Please give back the listing exactly, without any of its pictures.

(DATA SEGMENT)

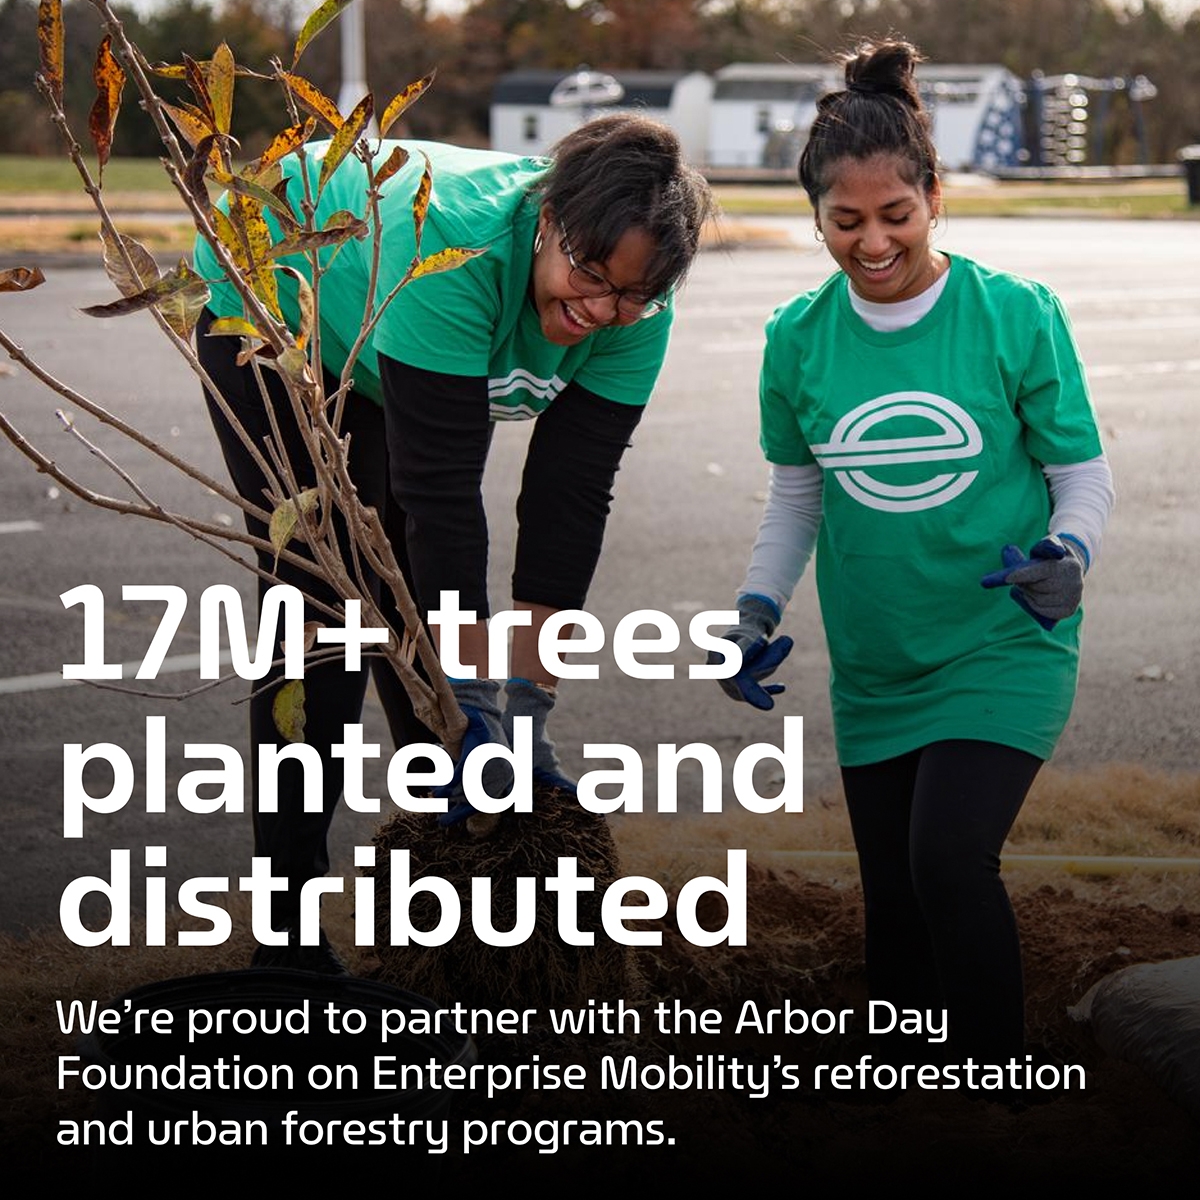 Happy #ArborDay! Did you know that Enterprise Mobility has partnered with the Arbor Day Foundation for over a decade to help restore over 36,000 acres of forests?

Learn more at EM.com/Trees

#EnterpriseMobility #iWork4EM

(End DATA SEGMENT)

- _RESPONSE AREA_
 Happy #ArborDay! Did you know that Enterprise Mobility has partnered with the Arbor Day Foundation for over a decade to help restore over 36,000 acres of forests?

Learn more at EM.com/Trees

#EnterpriseMobility #iWork4EM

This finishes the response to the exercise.